The Crystal Palace was a glass and cast iron structure built in London, England, for the Great Exhibition of 1851. The building was designed by Sir Joseph Paxton, an architect and gardener, and revealed breakthroughs in architecture, construction and design. More on the Crystal Palace after the break...
In January 1850 a committee was formed to choose the design for a temporary exhibition building that would showcase the latest technologies and innovations from around the world: The “Great Exhibition of the Works of Industry of all Nations.” The structure had to be as economical as possible, and be built before the exhibition was scheduled to open on May 1st, 1851. Within 3 weeks the committee received 245 entires, all of which were rejected. It was only after this that Paxton showed his first interest in the project.
Already a famous gardener at the time, Paxton experimented extensively with glasshouse construction. Using combinations of prefabricated cast iron, laminated wood, and standard sized glass sheets, Paxton created the “ridge-and-furrow” roof design. In 1836 this system was used for the first time in the “Great Stove” - the largest glass building at the time.
Paxton proceeded to visit Hyde Park, where he quickly doodled his famous concept drawing of the Palace (the sketch is now held in the Victoria and Albert Museum). The drawing included all the basic elements of the building, and within two weeks all calculations and detailed plans were submitted.
Paxton’ design was based on a 10in x 49in module, the size of the largest glass sheet available at the time. The modular system consisted of right-angled triangles, mirrored and multiplied, supported by a grid of cast iron beams and pillars. These basic units were extremely light and strong and were extended to an incredible length of 564 meters. The design was also influenced by Paxton’s passion for biomimicry; he drew inspiration from the giant leaves of the Victoria Amazonica waterlily.

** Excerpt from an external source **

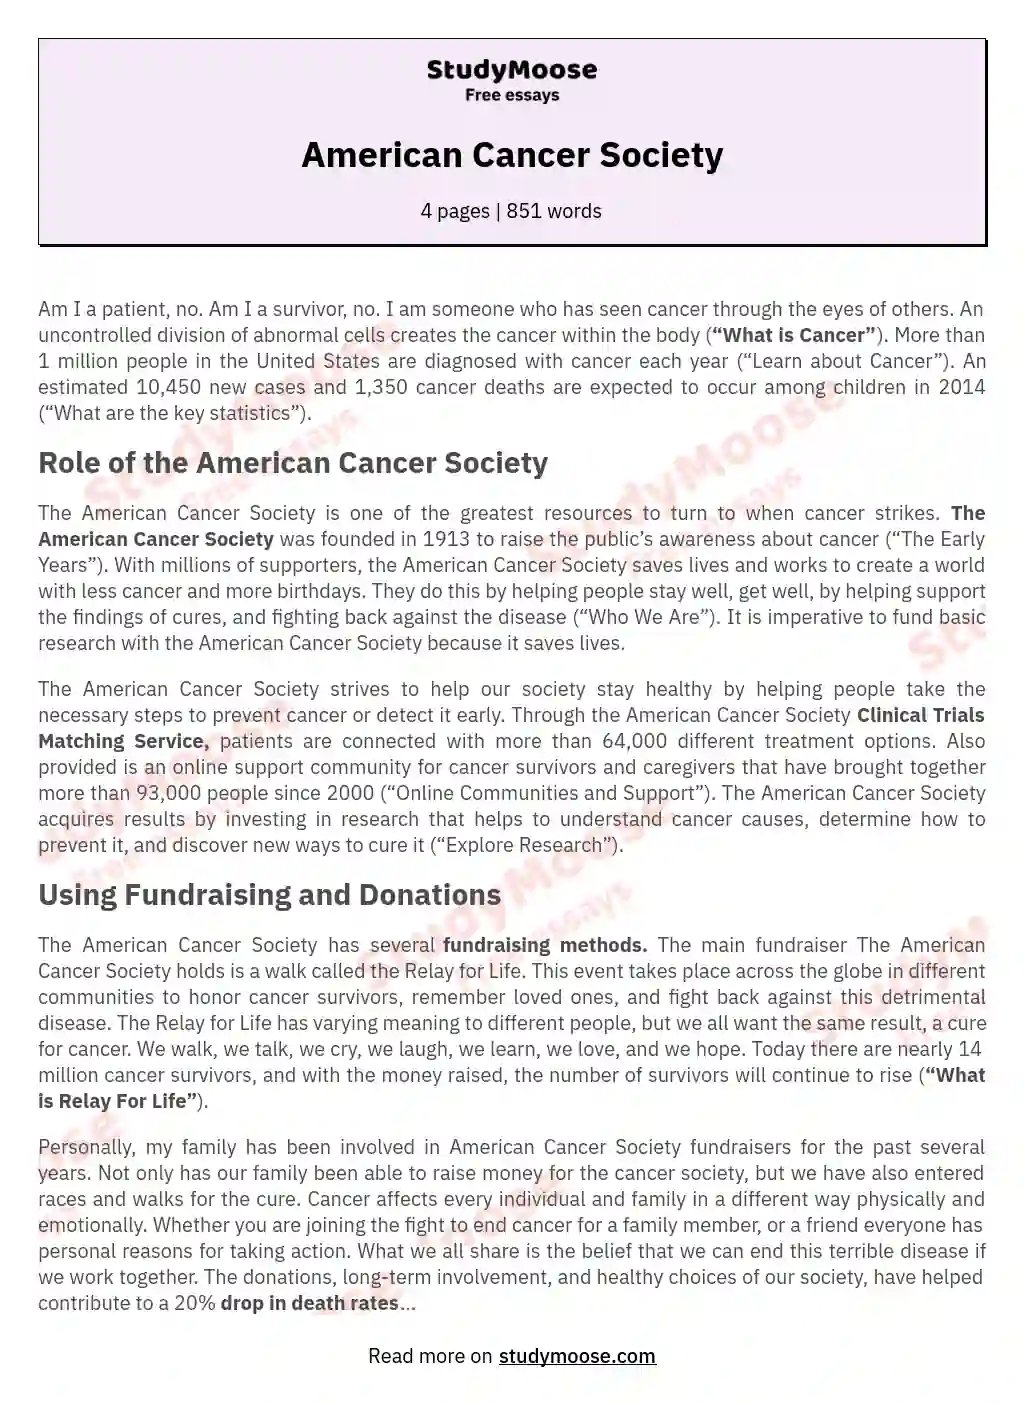 American Cancer Society essay
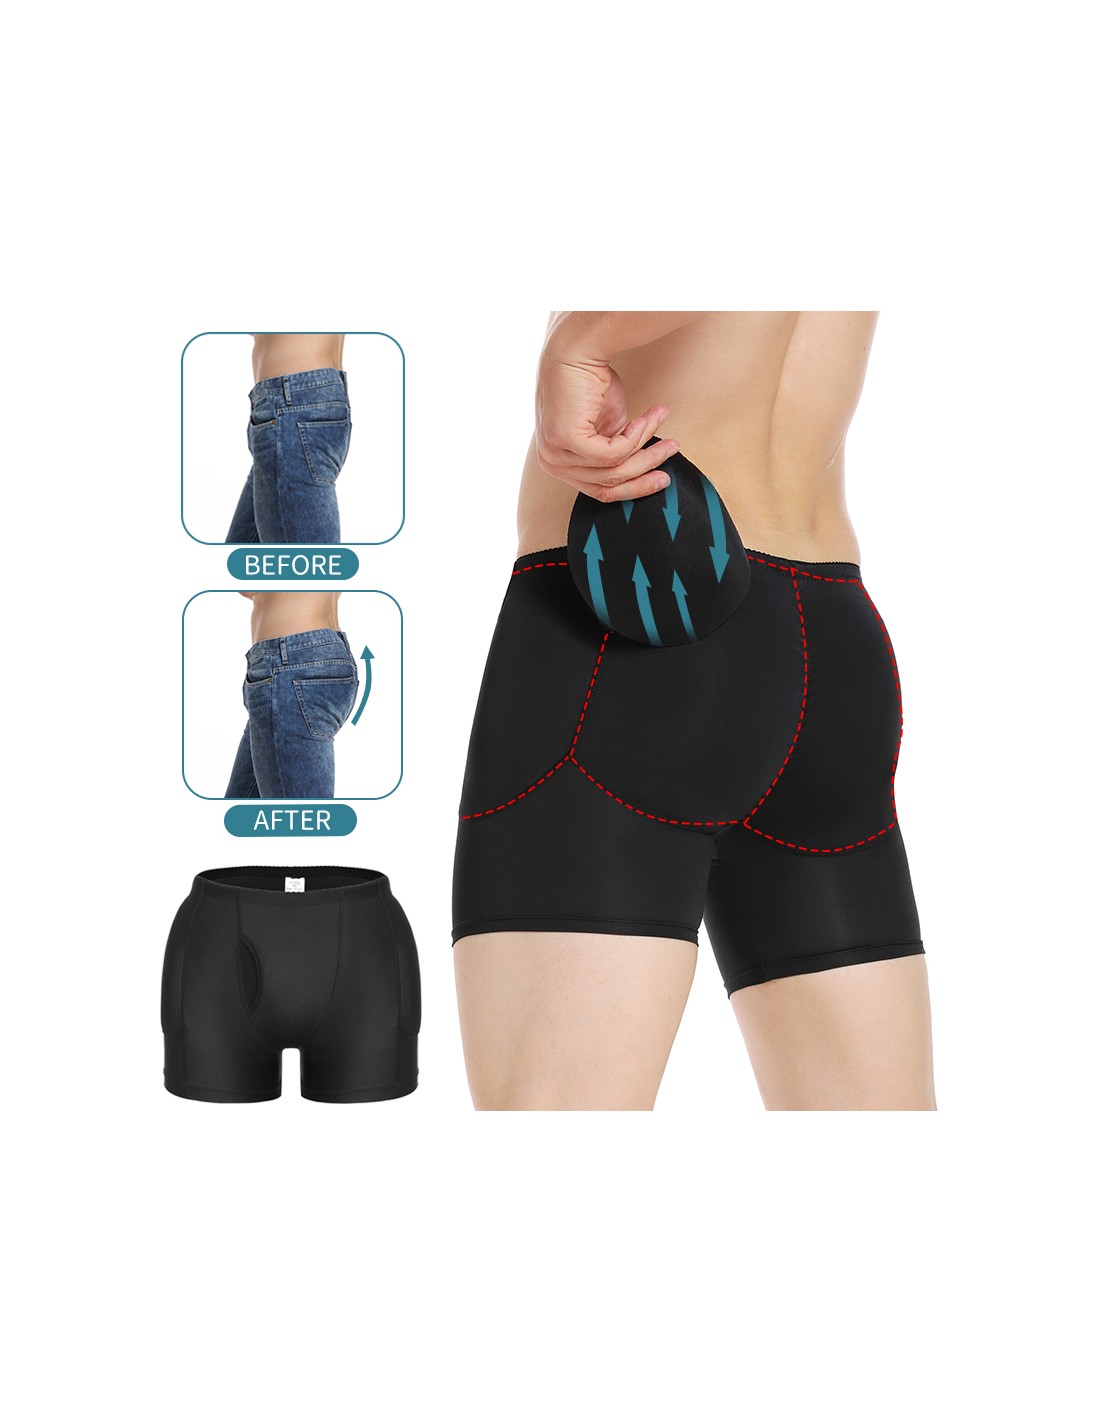 Mens Padded Underwear Butt Lifter Hips Enhancer Fajas Boxer Briefs

Impressed by the low cost proposal, the committee accepted Paxton’s innovative plan, leaving only 8 months for construction, which commenced immediately in Hyde Park. 5000 workers handled more than 1000 iron columns and 84,000 square meters of glass. All parts were prefabricated and easy to erect, and every modular unit was self supporting, allowing the workers freedom in assembling the pieces. Thanks to Paxton’s simple and brilliant design, over 18,000 panes of glass sheets were installed per week, and the structure was completed within 5 months.
Queen Victoria wrote in her journal on May 1st 1851 :
"This day is one of the greatest and most glorious of our lives… It is a day which makes my heart swell with thankfulness… The Park presented a wonderful spectacle, crowds streaming through it, – carriages and troops passing… The Green Park and Hyde Park were one mass of densely crowded human beings, in the highest good humour… before we neared the Crystal Palace, the sun shone and gleamed upon the gigantic edifice, upon which the flags of every nation were flying… The sight as we came to the centre where the steps and chair (on which I did not sit) was placed, facing the beautiful crystal fountain was magic and impressive. The tremendous cheering, the joy expressed in every face, the vastness of the building, with all its decoration and exhibits, the sound of the organ… all this was indeed moving"
When the exhibition was closed 6 months later, the structure was disassembled and then reassembled in the south London suburb of Sydenham Hill. Tragically, the building was destroyed in a fire in 1936.
Paxton’s ingenious design created an unprecedented exhibition space. The construction, acting as a self supporting shell, maximized interior space, and the glass cover enabled daylight. The method of construction was a breakthrough in technology and design, and paved the way for more sophisticated pre-fabricated design.